Less than a decade after Grutter, the Court is now revisiting the law well-settled in Grutter. The current challenge in Fisher involves undergraduate admissions at the University of Texas at Austin (UT Austin). UT Austin awards eighty-five percent of its freshman slots to students in the top ten percent of their high school class. The remaining fifteen percent of the class is reserved for students evaluated on a “holistic” basis, which considers academic factors, leadership skills, extracurricular activities, work history, family background – and race. These applicants are admitted based on the totality of their lives to foster a diverse student body. UT Austin has followed Grutter’s instructions to the letter.

Simply because these policies have brought some people of color some progress does not mean society is now color-blind and equal treatment for all prevails. The idea that today’s society is now “post-racial’ is a convenient fiction. Empirical research has found repeatedly that people of color are underrepresented in institutions of higher education, hold a smaller percentage of political and private-sector leadership positions, have poorer health outcomes and lower income, and are disproportionately arrested and imprisoned compared with white Americans. The fact that this litany even has to be cited shows how unmoored from reality our notion of equality has become.

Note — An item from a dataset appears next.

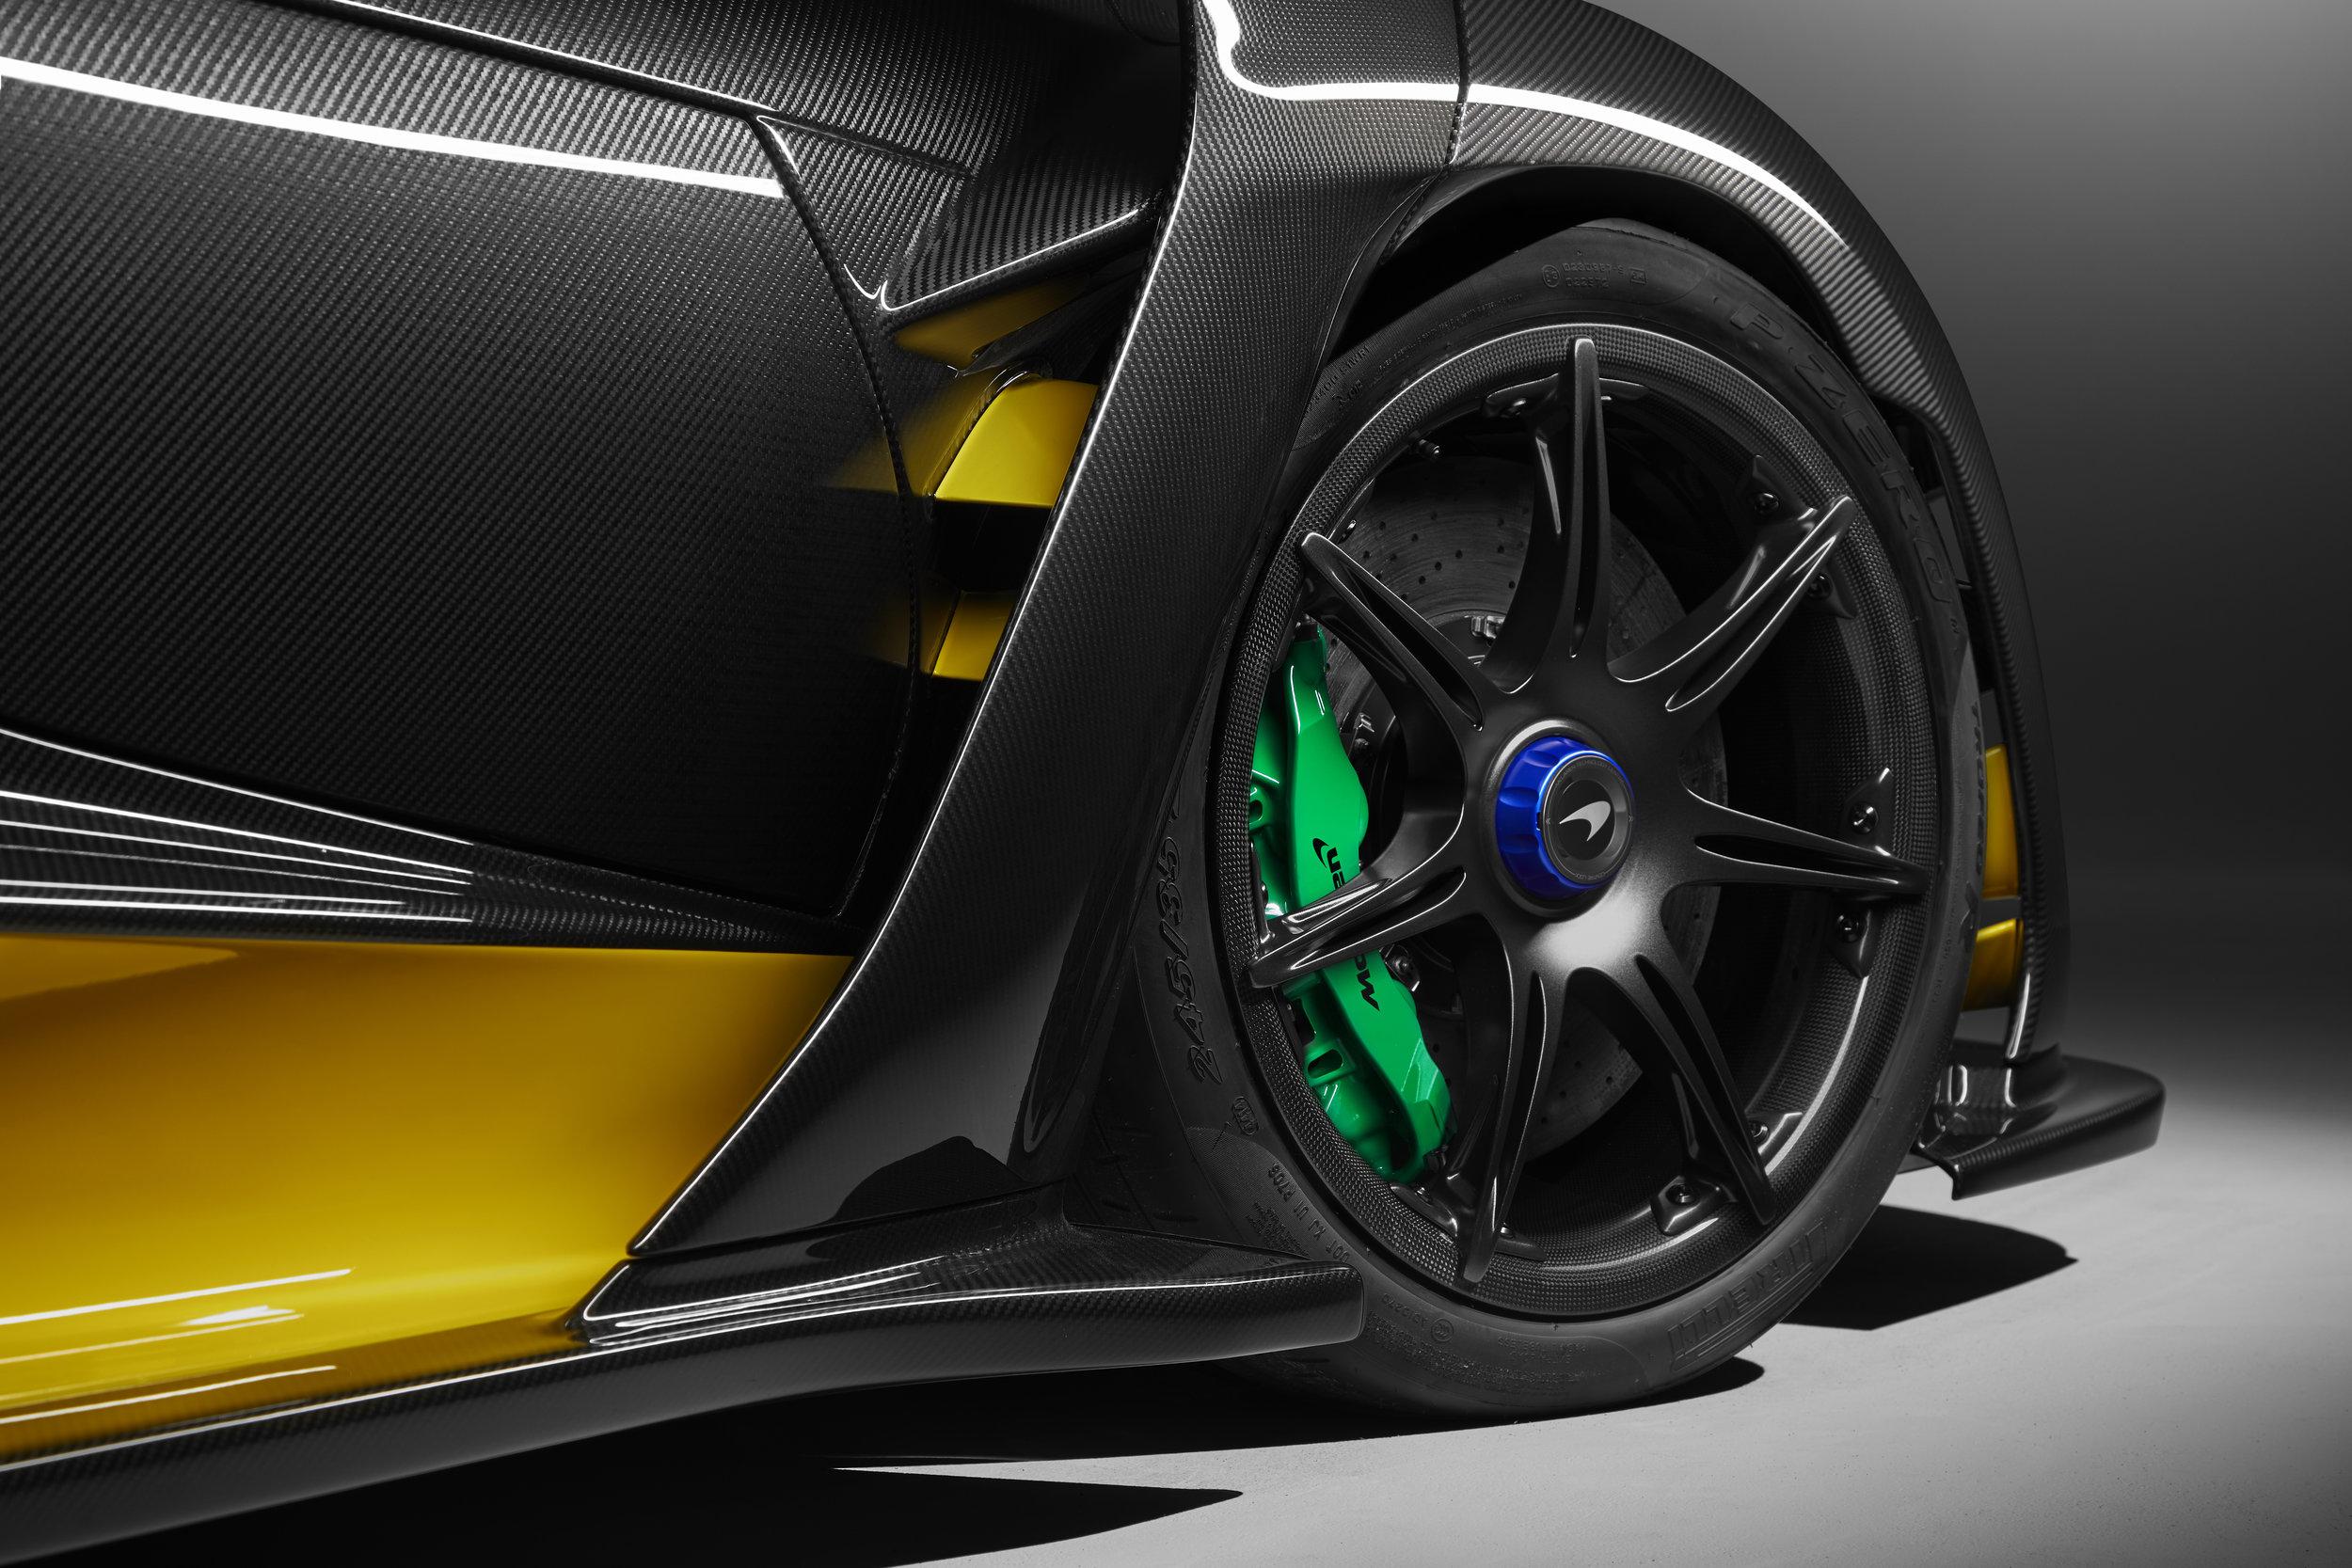 8953McLaren-Senna-Carbon-Theme-by-MSO_03.jpg

At root, what has created this confused jurisprudence is the Court’s underlying definition of “equal” treatment. The modern American definition of “equality” stems from Aristotle’s theory that “like cases should be treated in a like manner” and “unlike cases should be treated in an unlike manner.” But as pioneering scholar Catharine MacKinnon has noted, this definition fails to recognize that “unlike cases” can still be equal. Cultural, gender, and racial norms and experiences create different people – all still of equal value – who enhance society because of their “unlike” attributes. Just because a person of color may bring different strengths to university life does not mean he or she is not of equal value as a white student. To argue the opposite is to impose a sterile, one-dimensional value on human beings.

Critical race legal theorist Derrick Bell pointed out that legal, societal, and educational “norms” overlook women and people of color. While to critics it may appear that these constituencies seek an “unfair advantage” – especially in the context of higher education admissions — all they seek is fair consideration in the first place. In fact, this dynamic is present in the debate about critical race theory itself. Judge Richard Posner has criticized critical race theorists for using narrative and allegory. Posner argues that, “by repudiating reasoned argumentation, the storytellers reinforce stereotypes about the intellectual capacities of nonwhites.” But the very notion that “reasoned argumentation” is somehow intellectually superior to narrative and allegory to explain legal theory is the product of a racially biased norm. (It appears Posner also forgot that Plato – the father of Western philosophy – wrote in allegory.) Our entire system of education and legal norms was built by and for those in power – white heterosexual men of privilege. Outsiders must conform to these supposedly “objective” academic measurements, or else be branded as lacking sufficient intelligence. But when the very instrument for determining who meets certain criteria is itself biased in favor of those in power, any assertions of objectivity are false.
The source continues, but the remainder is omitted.